[Opening STORED DATA section]

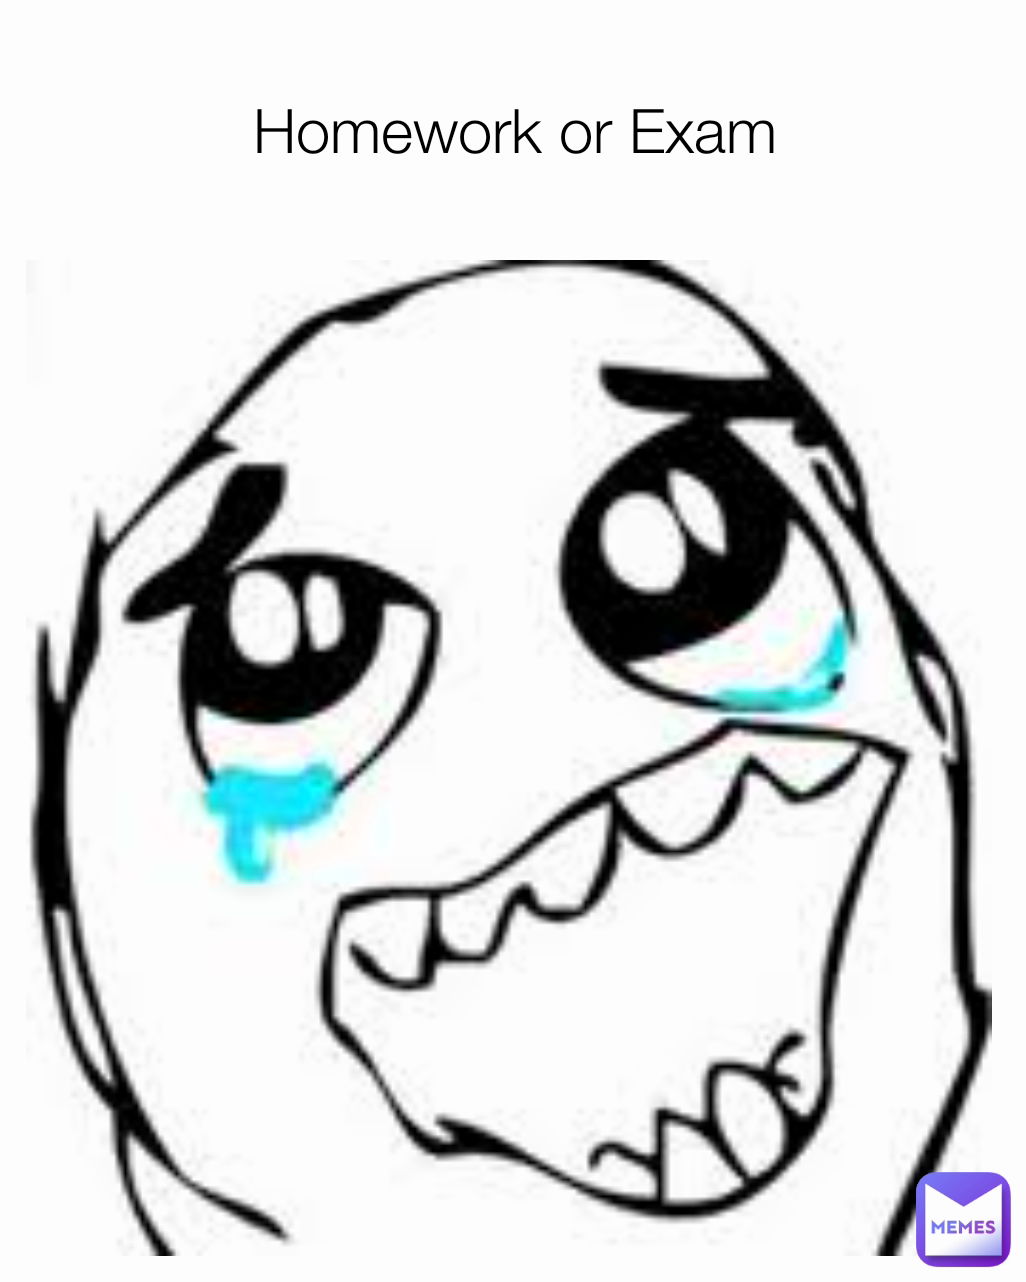 Homework or Exam
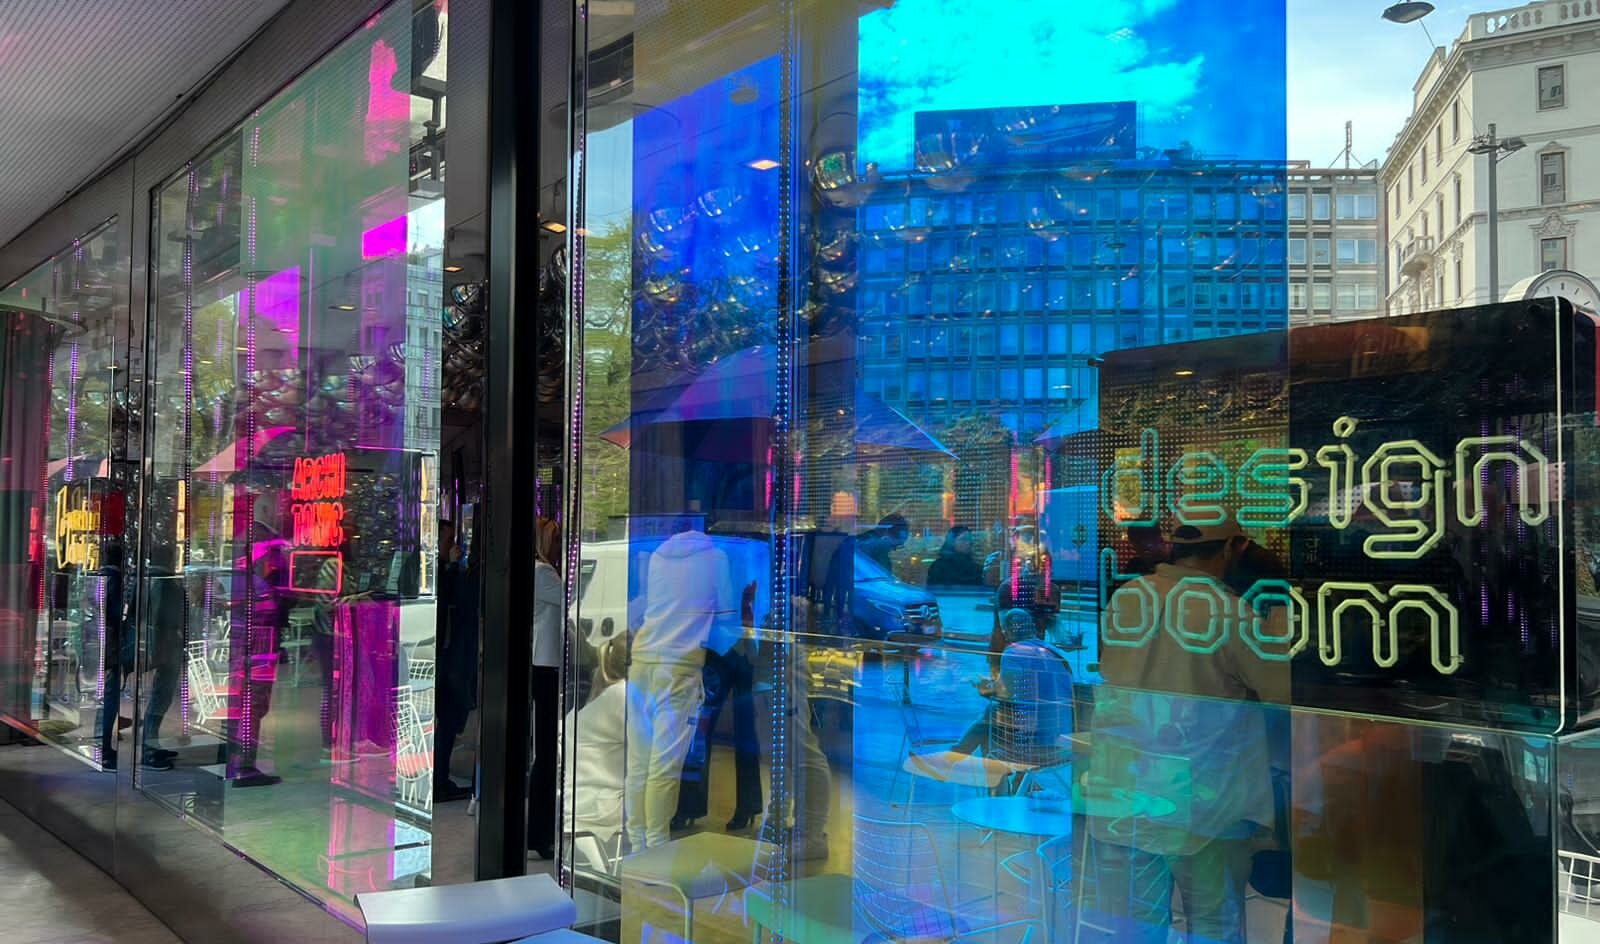 Louis Vuitton Bag In A Shop Window In Via Montenapoleone Stock
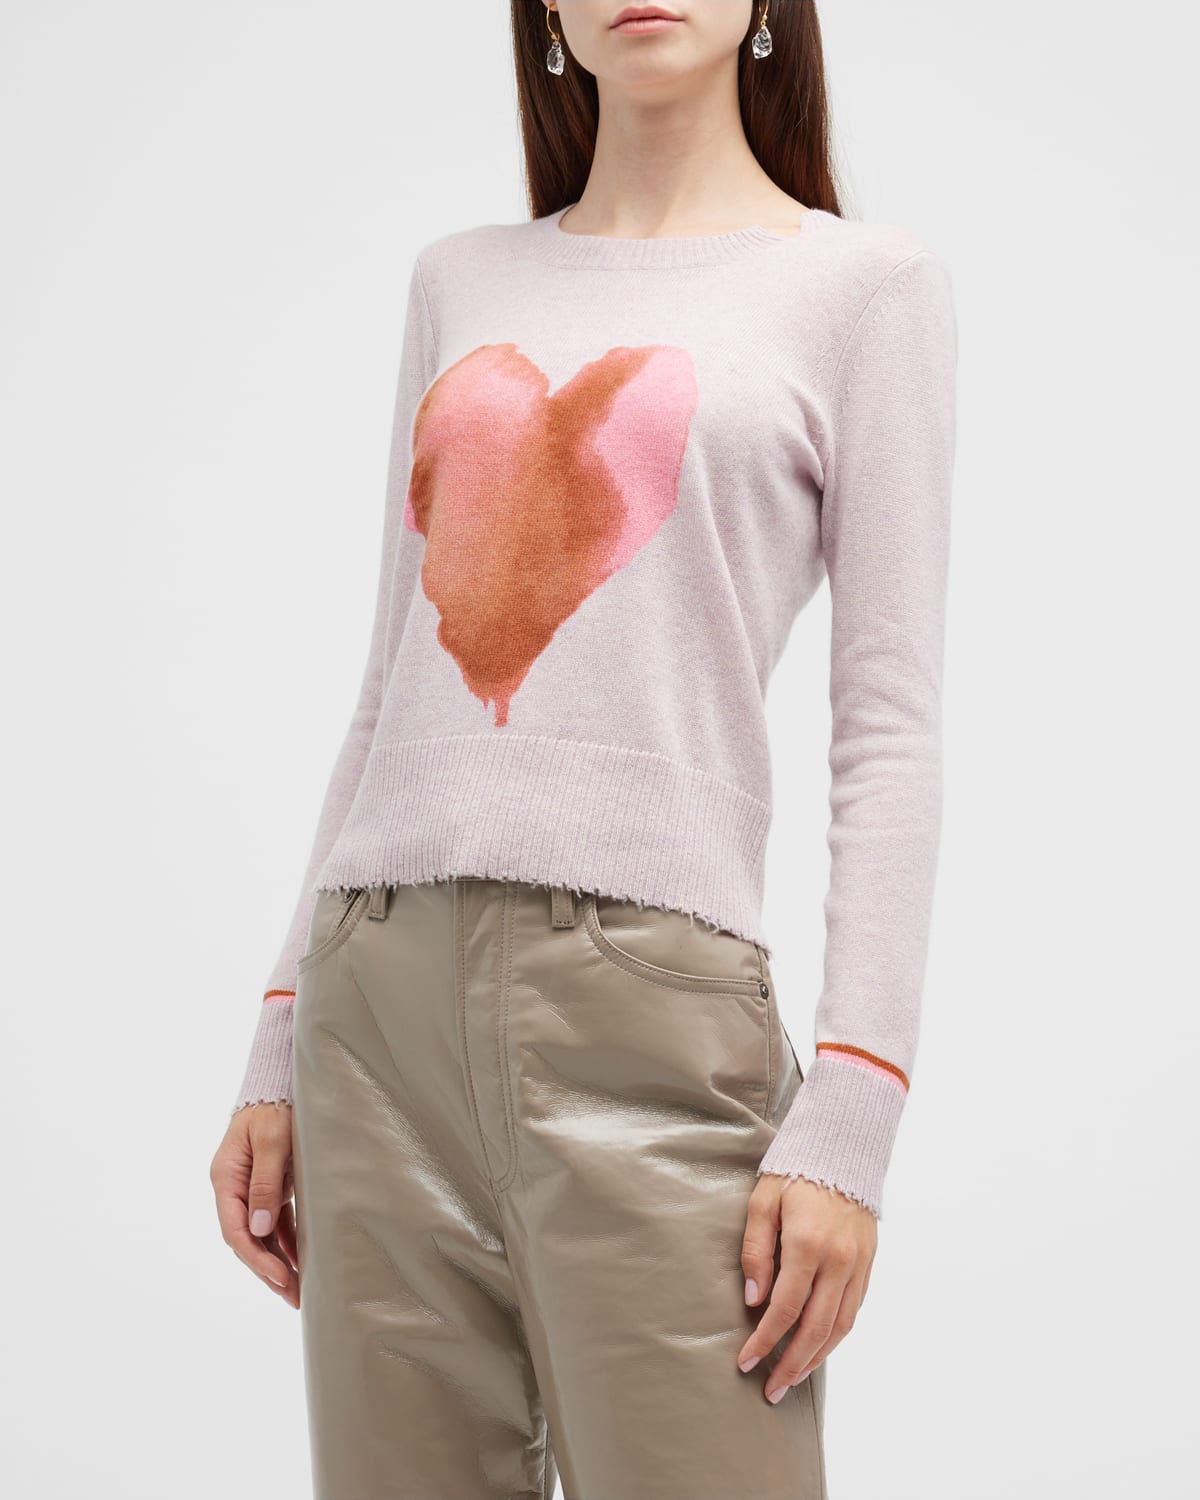 Lisa Todd Ice Breaker Cashmere Heart Sweater
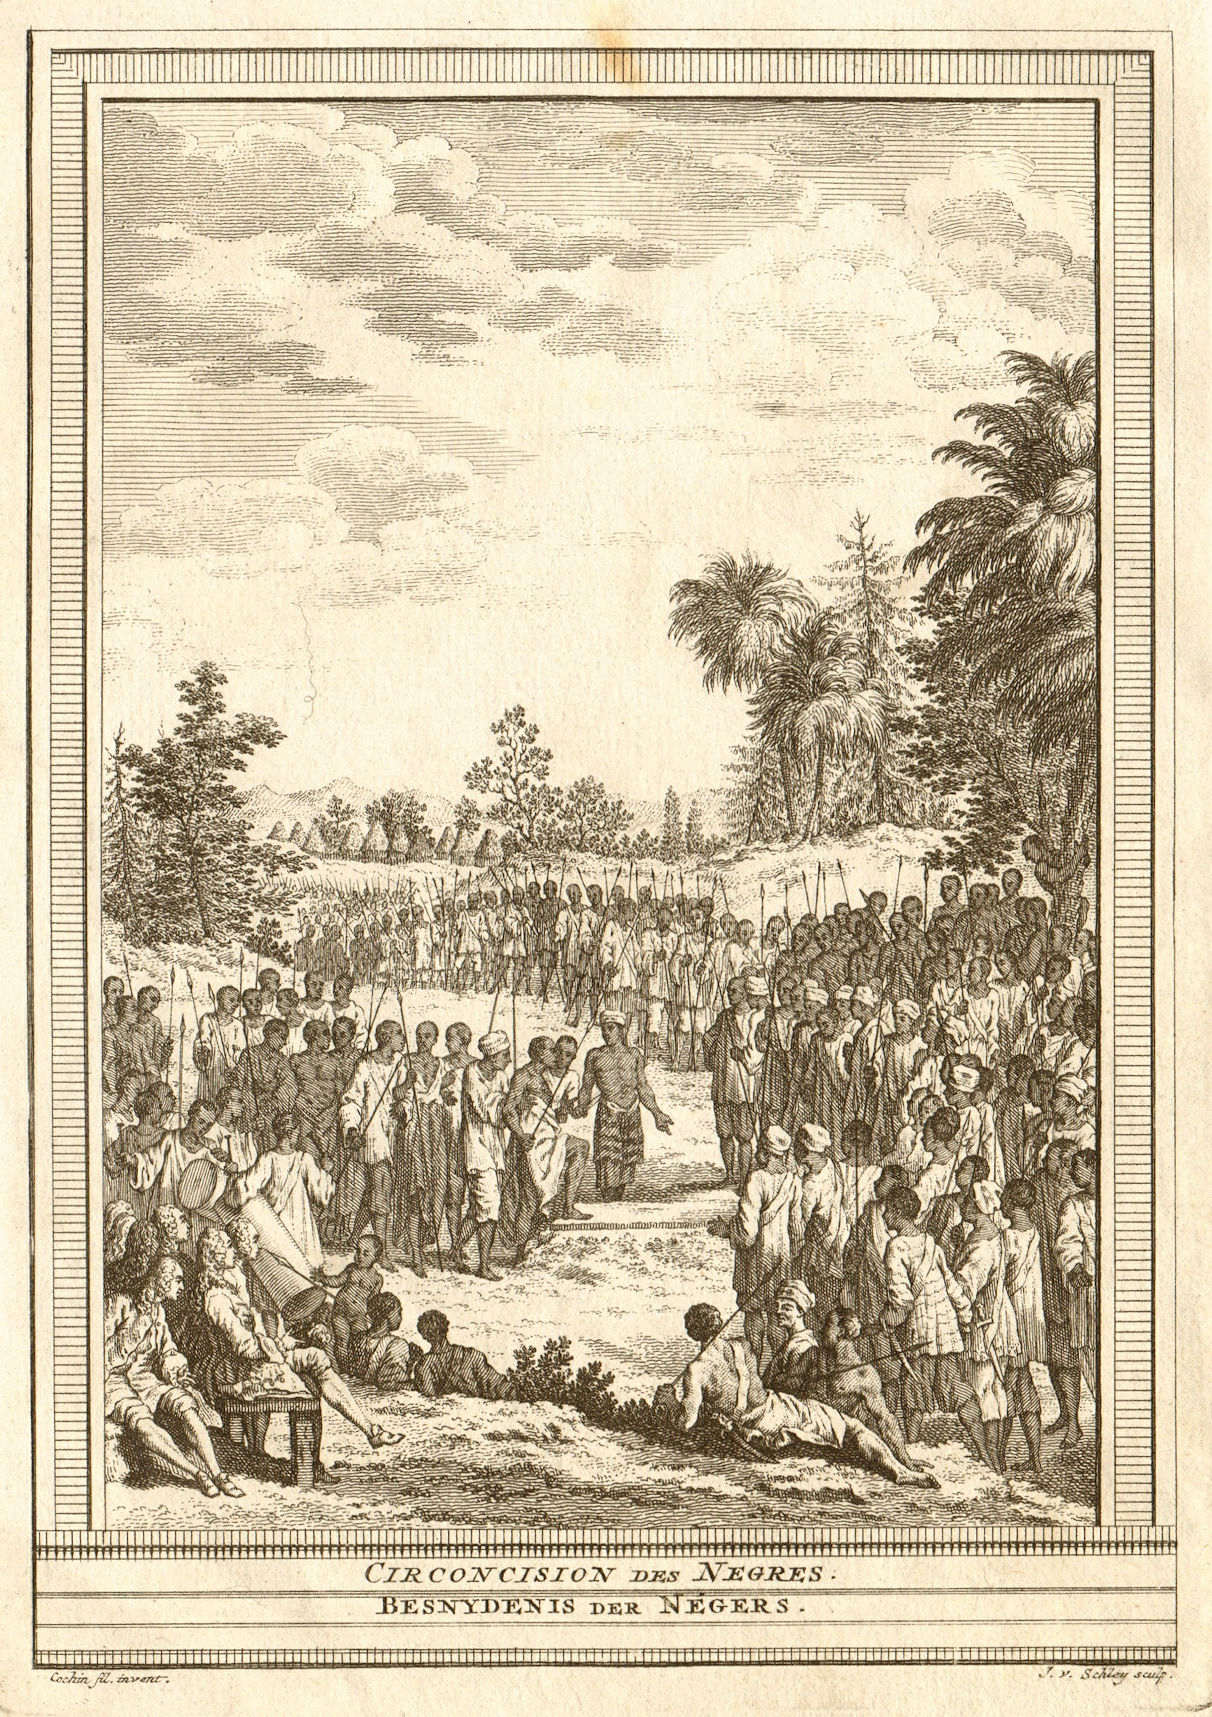 'Circoncision des Négres'. Negro circumcision near St Louis Senegal. SCHLEY 1747

[Closing STORED DATA section]

:: WHAT IS NEEDED ::
The data is to be returned exactly as it stands, pictures aside.

:: RESPONSE TO THE TASK ::
 Homework or Exam
 Louis Vuitton Bag In A Shop Window In Via Montenapoleone Stock
 Lisa Todd Ice Breaker Cashmere Heart Sweater
 'Circoncision des Négres'. Negro circumcision near St Louis Senegal. SCHLEY 1747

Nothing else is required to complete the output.